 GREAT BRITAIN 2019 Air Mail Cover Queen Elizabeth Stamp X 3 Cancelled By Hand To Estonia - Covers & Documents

==

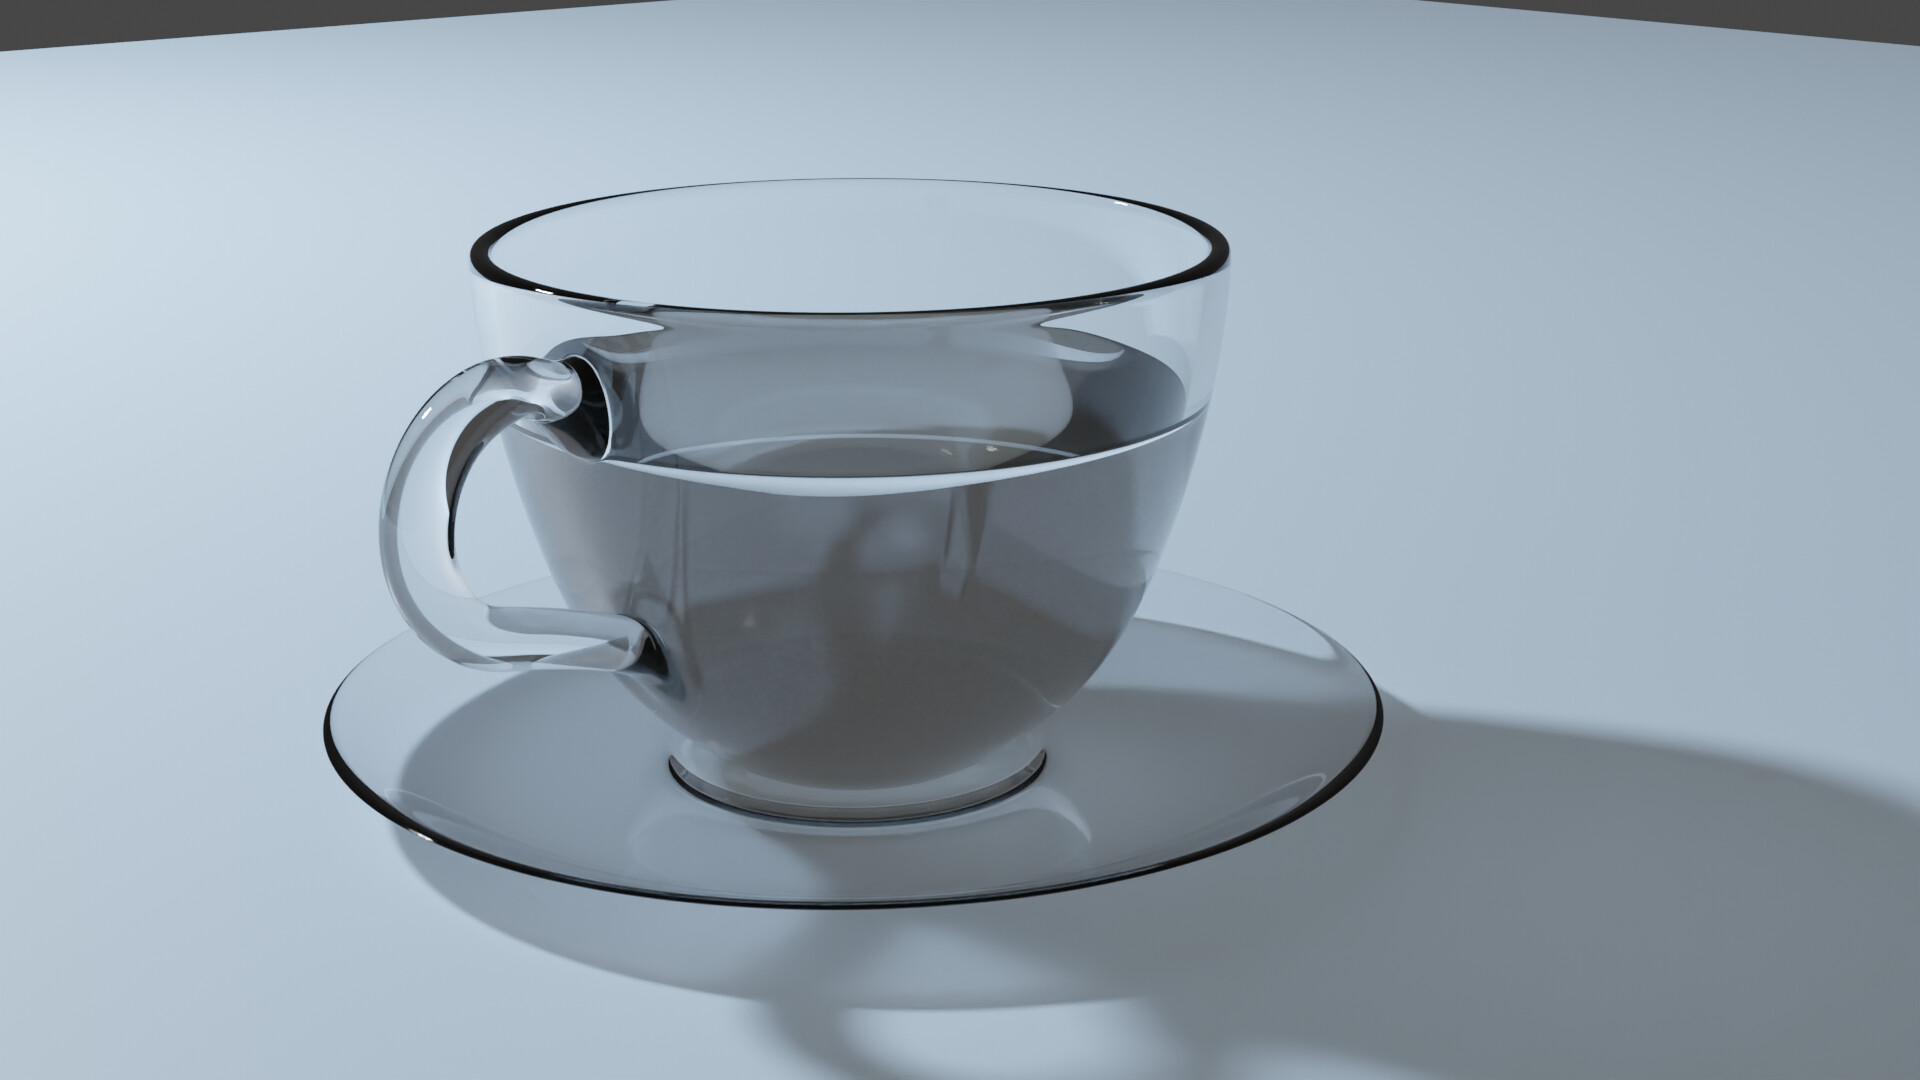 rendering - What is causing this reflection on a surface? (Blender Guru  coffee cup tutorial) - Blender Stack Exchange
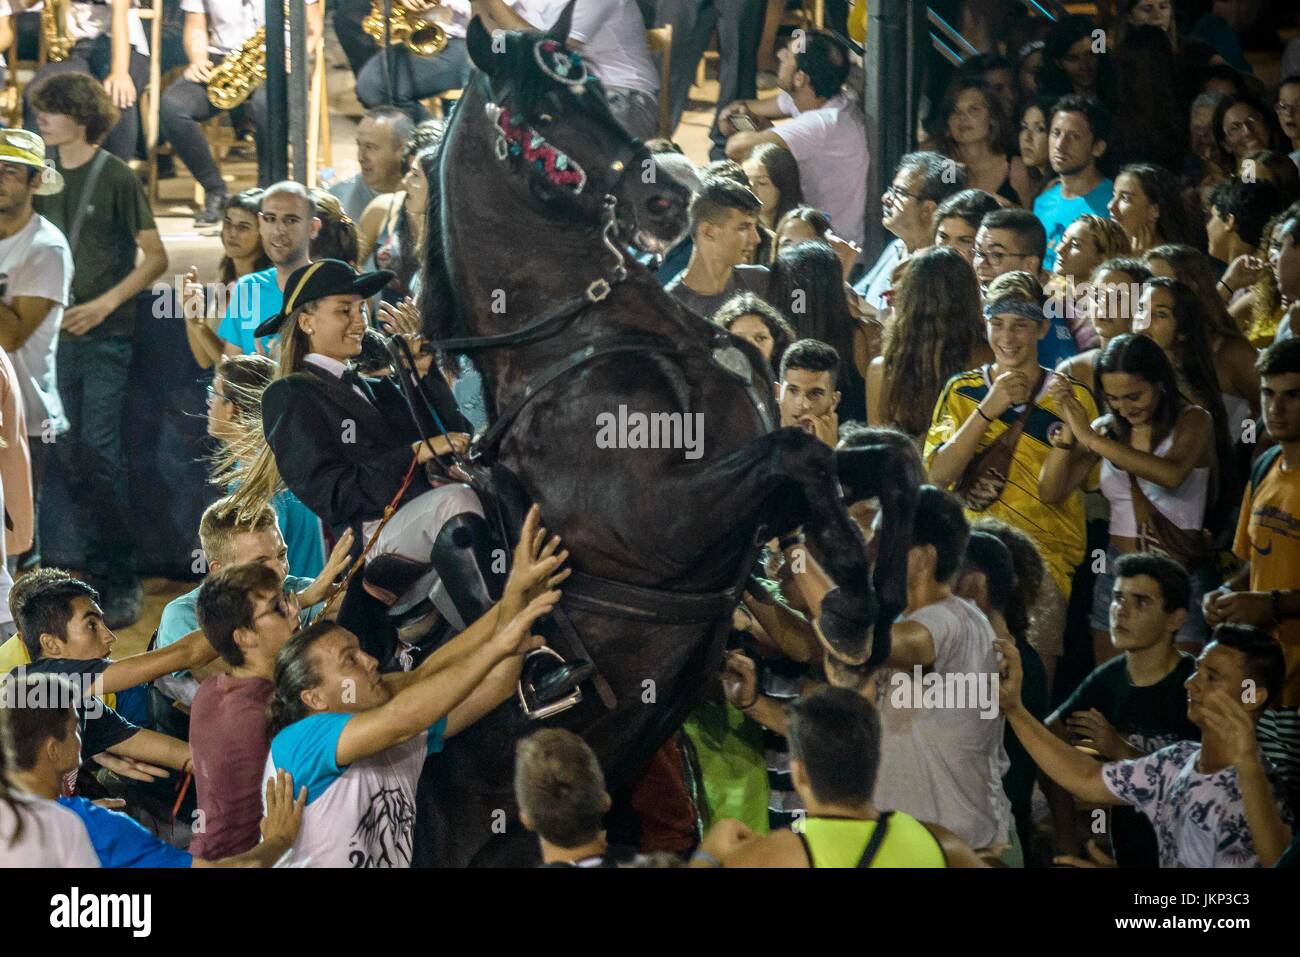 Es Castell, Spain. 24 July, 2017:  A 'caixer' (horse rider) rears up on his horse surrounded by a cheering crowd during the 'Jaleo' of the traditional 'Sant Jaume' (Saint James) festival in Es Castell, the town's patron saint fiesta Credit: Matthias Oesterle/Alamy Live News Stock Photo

ASSIGNMENT
What you write out is the stretch of entries from the line containing "rendering - What" to the line containing "Es Castell, Spain.", word for word, with both end lines and no pictures.

RESPONSE AREA
 rendering - What is causing this reflection on a surface? (Blender Guru  coffee cup tutorial) - Blender Stack Exchange
 Es Castell, Spain. 24 July, 2017:  A 'caixer' (horse rider) rears up on his horse surrounded by a cheering crowd during the 'Jaleo' of the traditional 'Sant Jaume' (Saint James) festival in Es Castell, the town's patron saint fiesta Credit: Matthias Oesterle/Alamy Live News Stock Photo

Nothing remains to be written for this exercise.